--- Exercise data ---

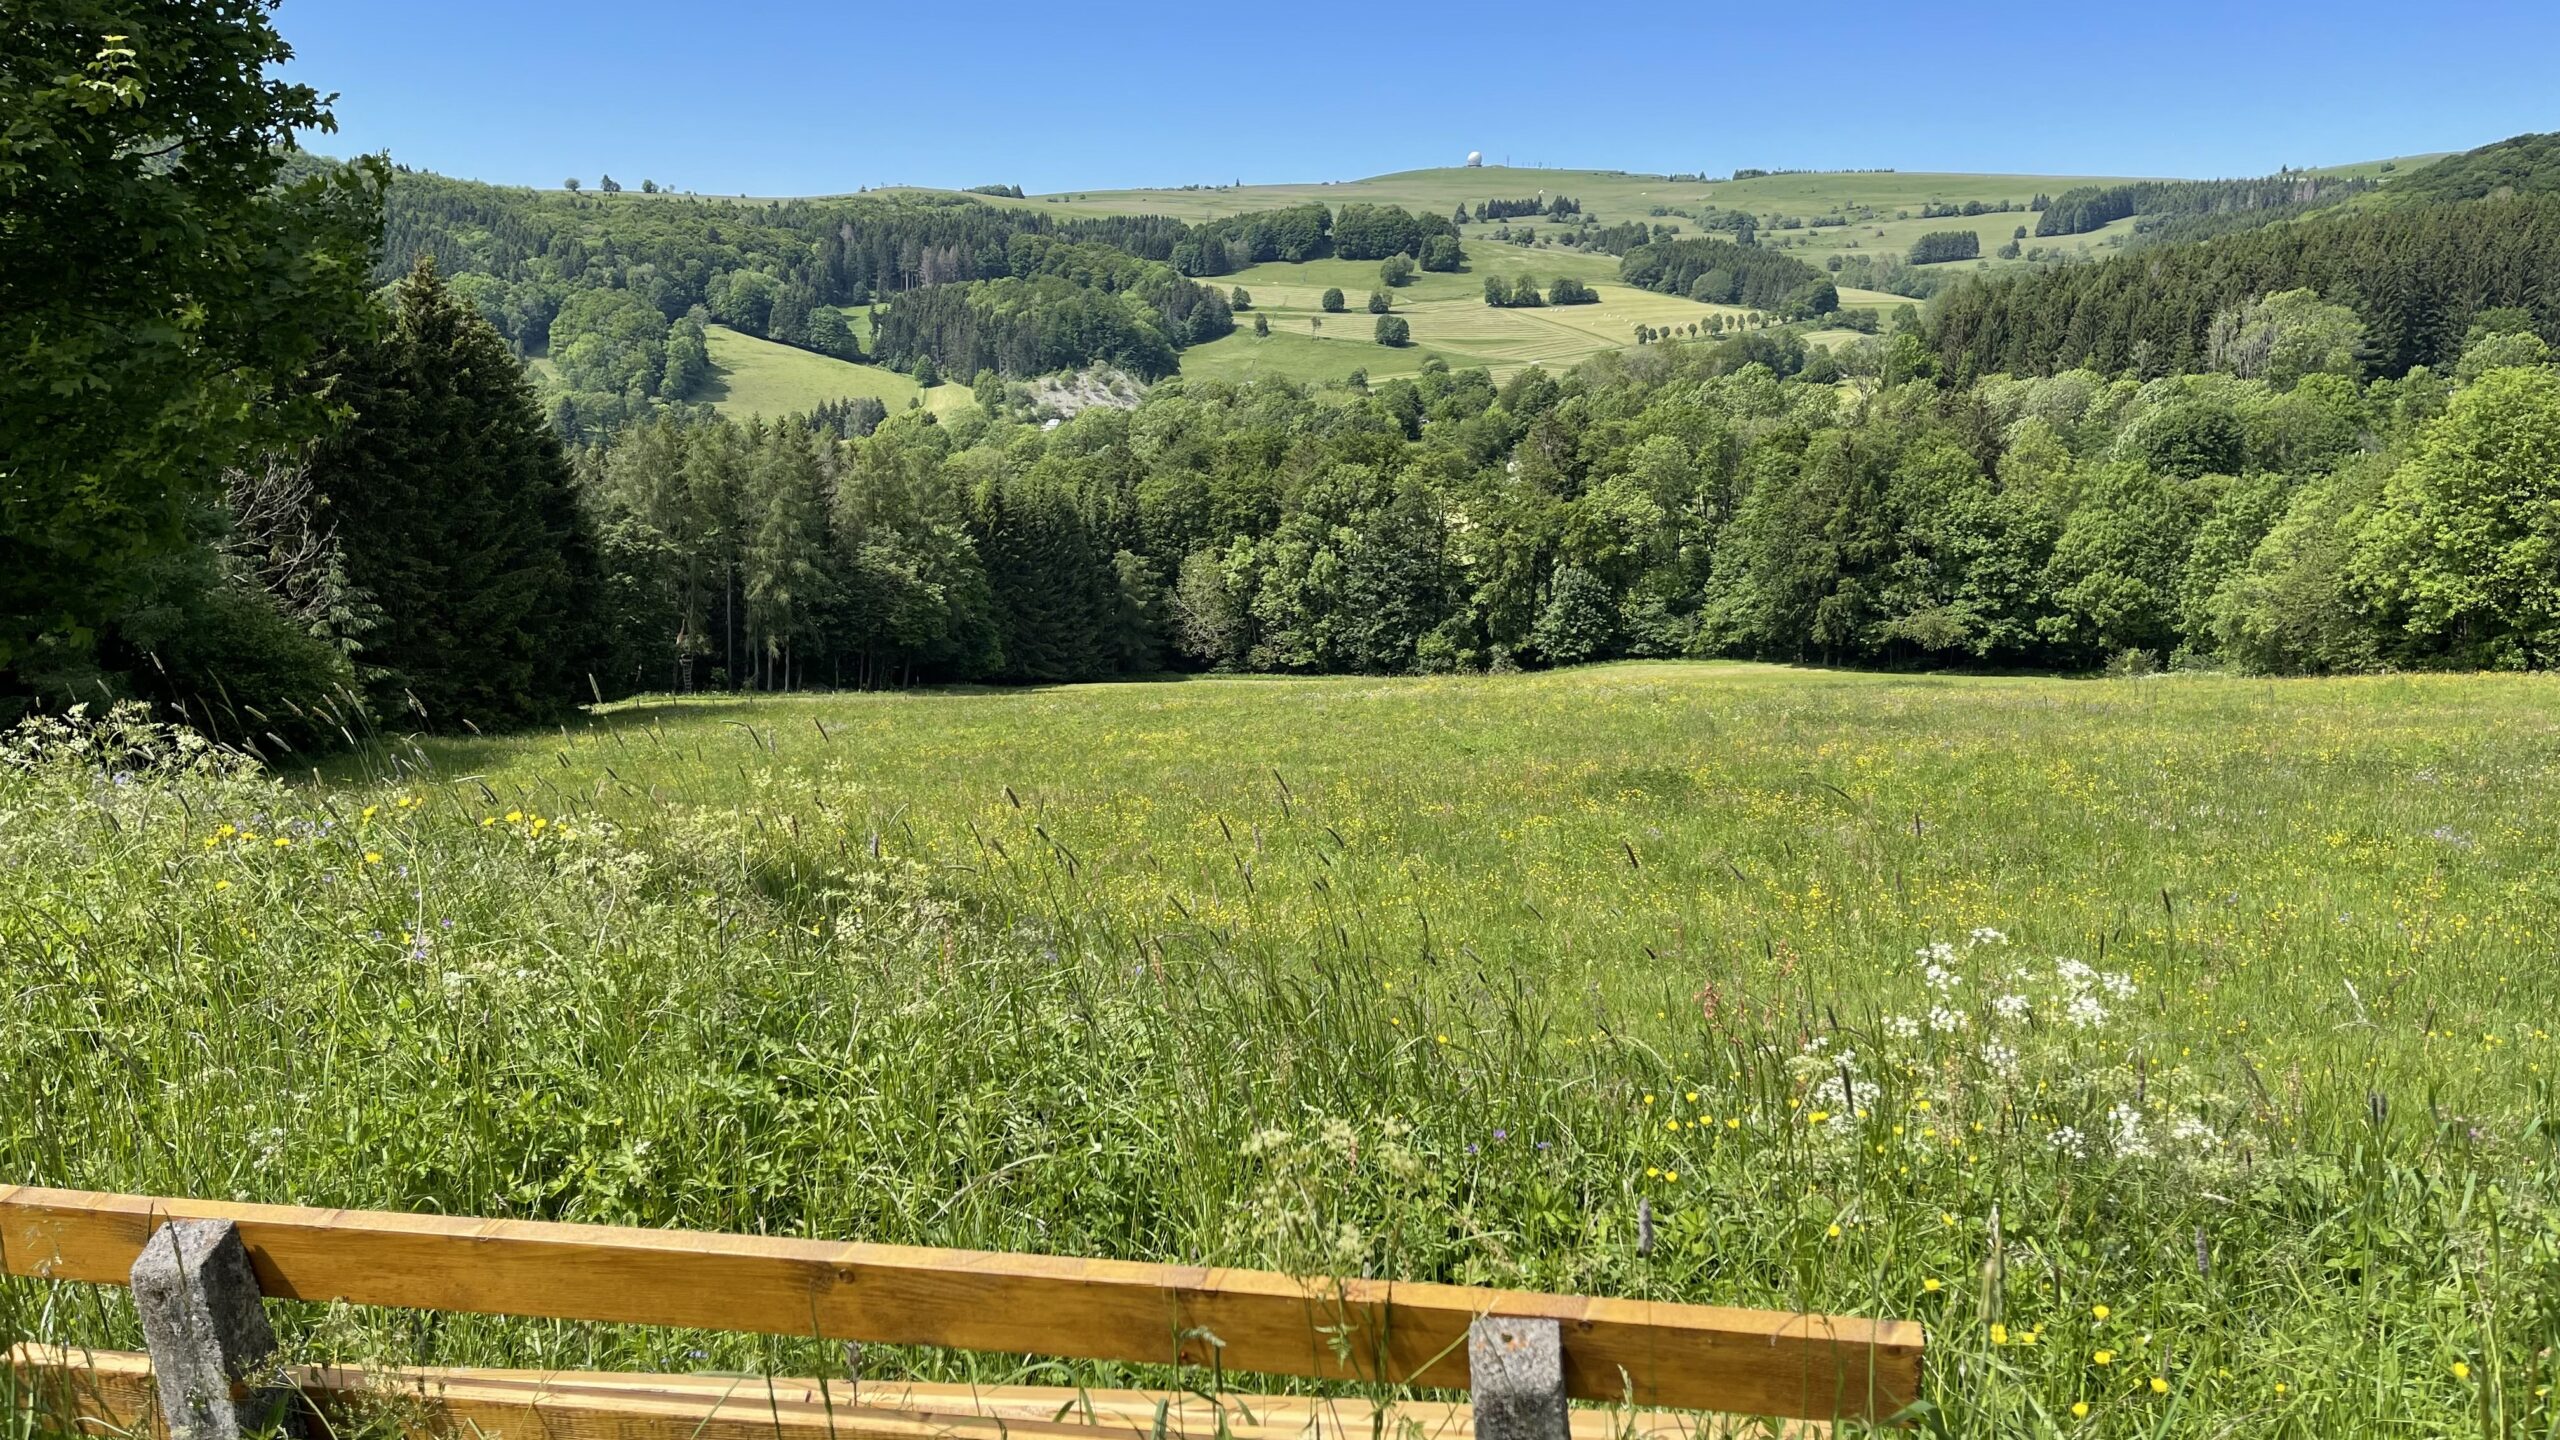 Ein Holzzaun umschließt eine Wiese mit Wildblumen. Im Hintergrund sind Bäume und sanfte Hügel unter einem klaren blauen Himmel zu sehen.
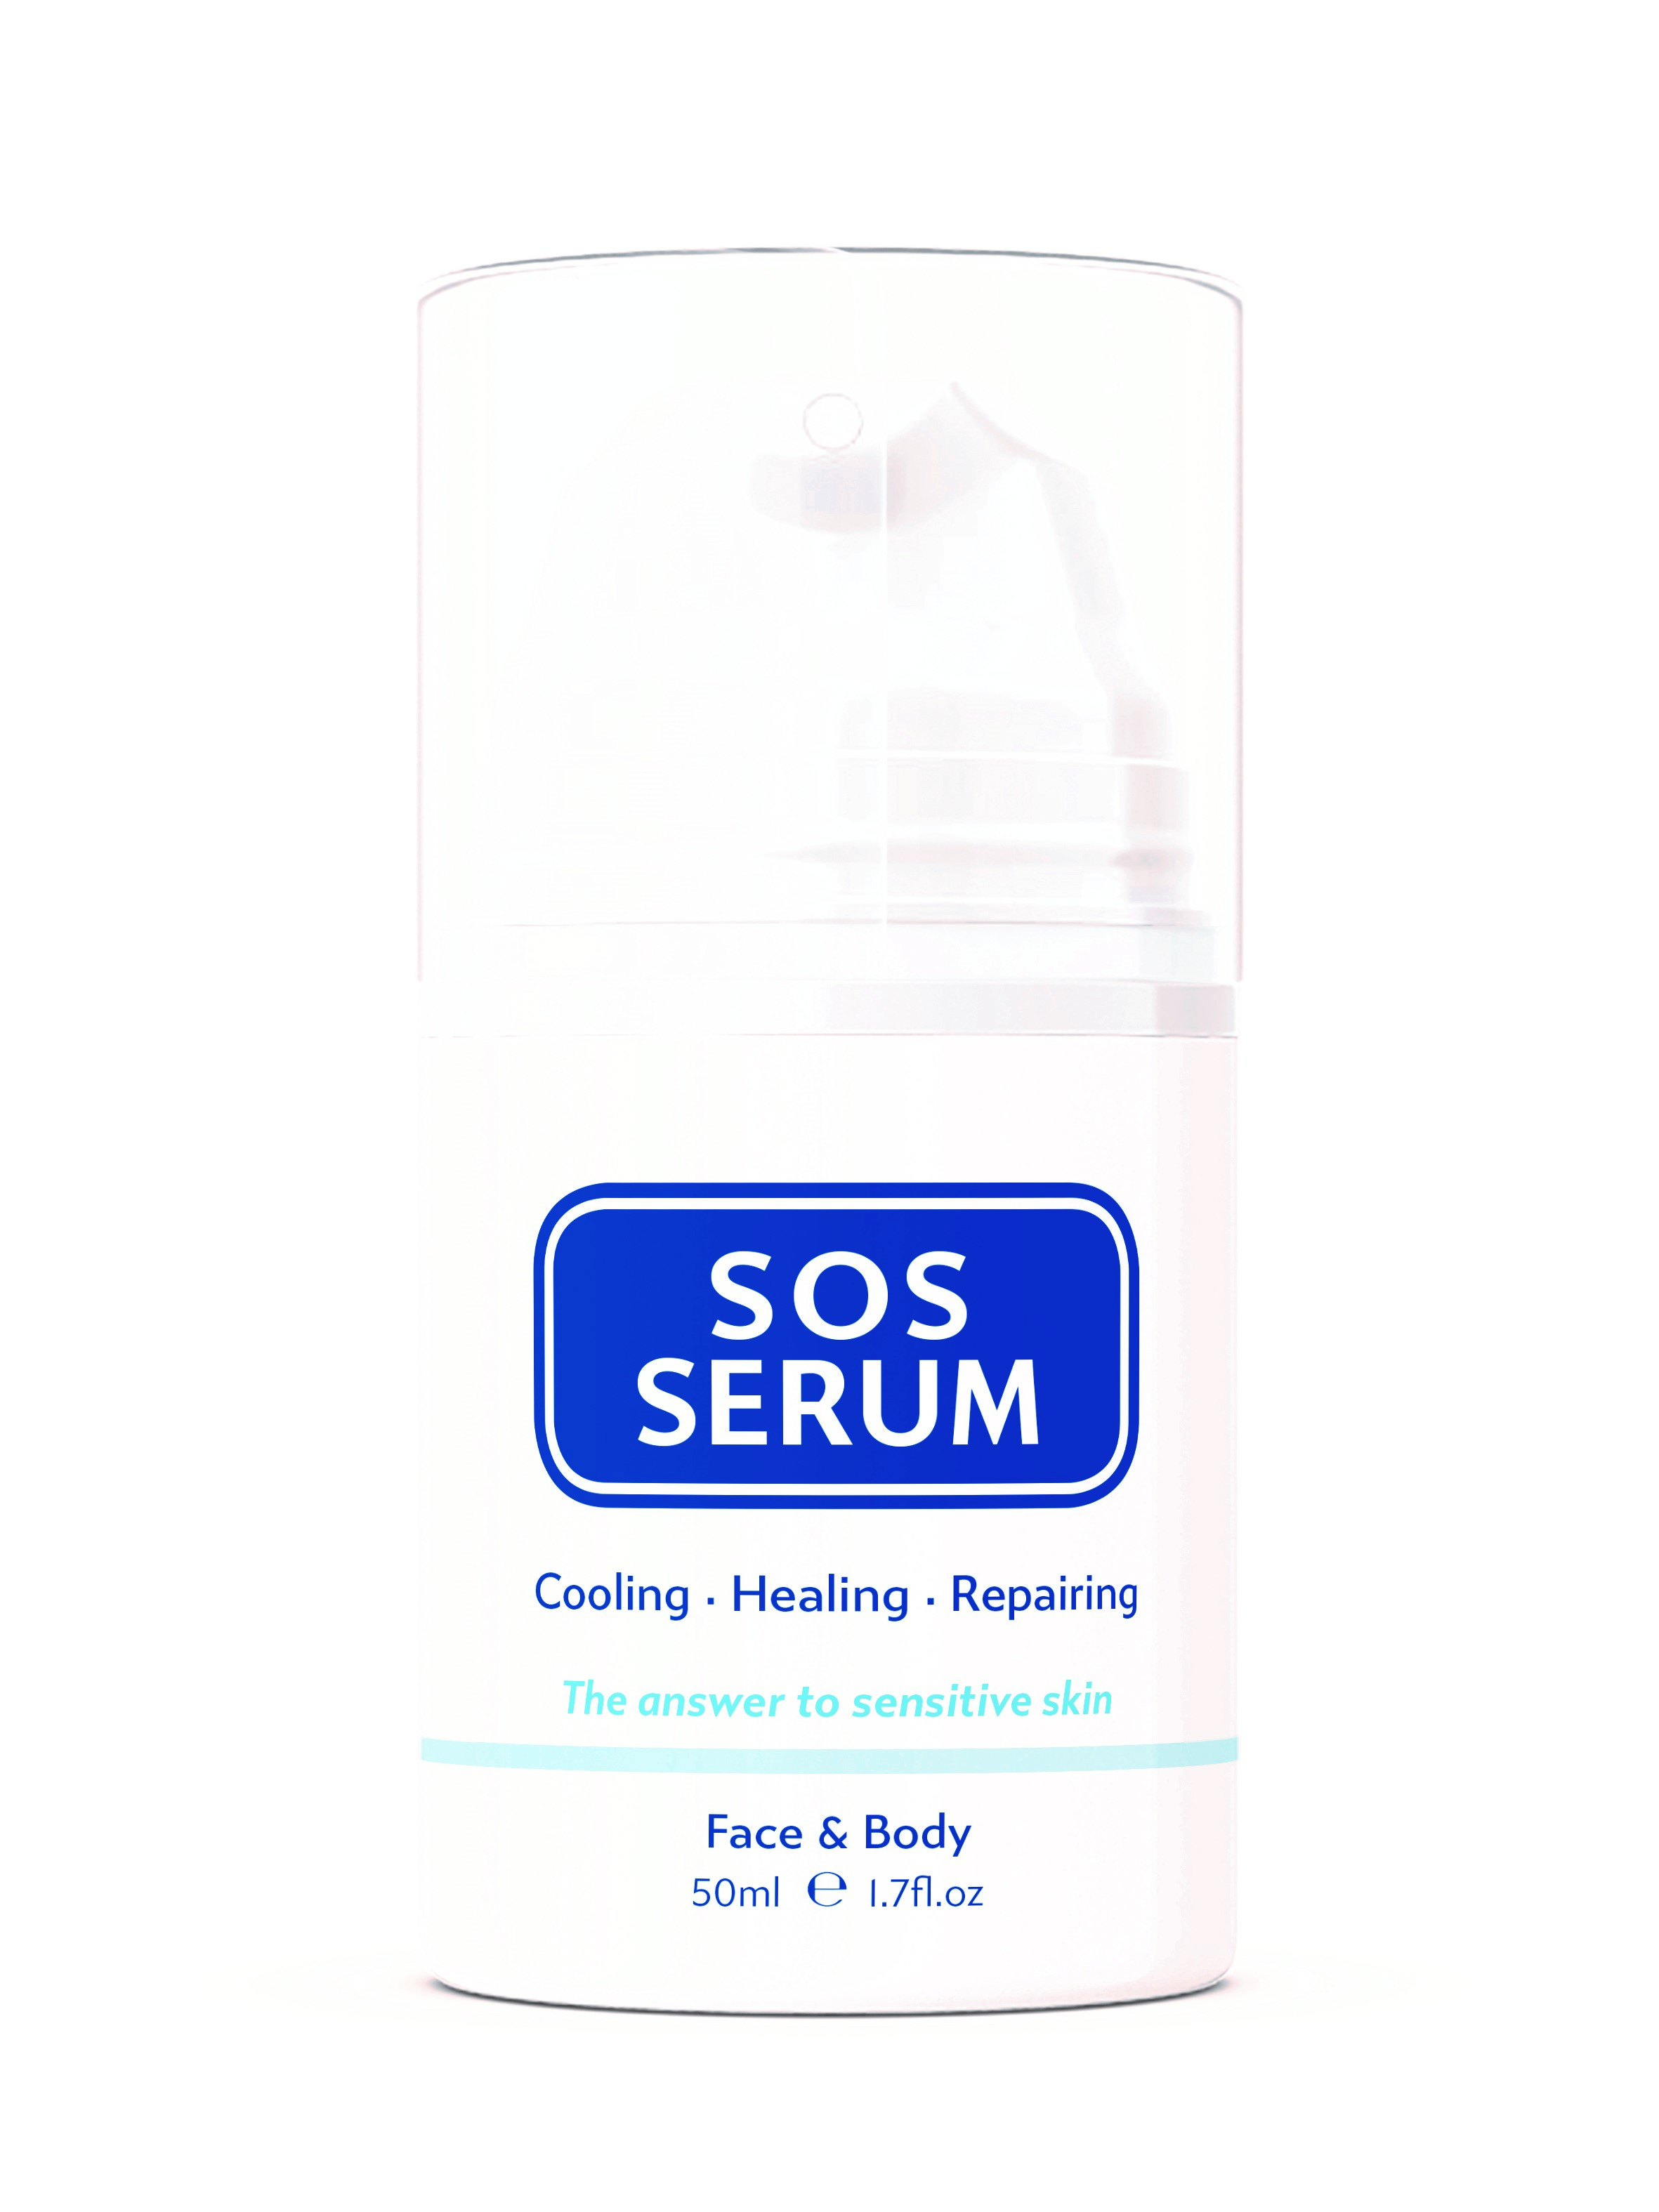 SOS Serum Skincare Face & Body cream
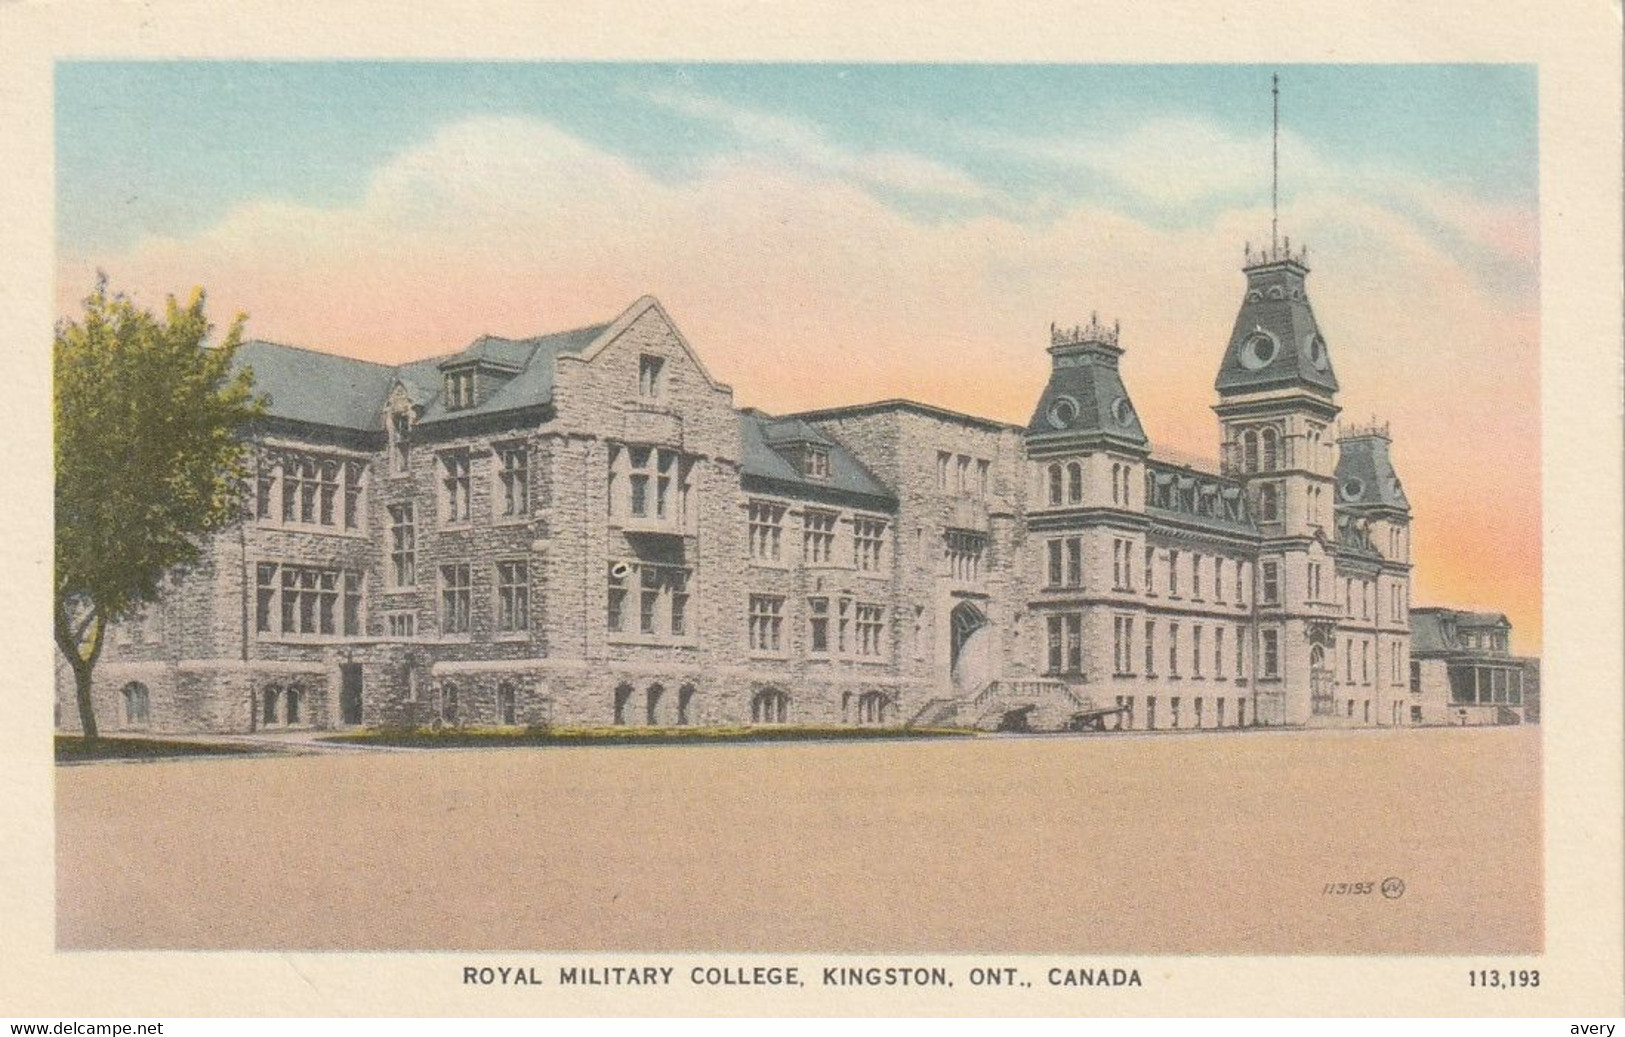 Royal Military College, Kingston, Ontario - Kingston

---

• Your instructions: From start to finish, output the listing exactly, but omit its pictures.

• Written solution:
 Ein Holzzaun umschließt eine Wiese mit Wildblumen. Im Hintergrund sind Bäume und sanfte Hügel unter einem klaren blauen Himmel zu sehen.
 SOS Serum Skincare Face & Body cream
 Royal Military College, Kingston, Ontario - Kingston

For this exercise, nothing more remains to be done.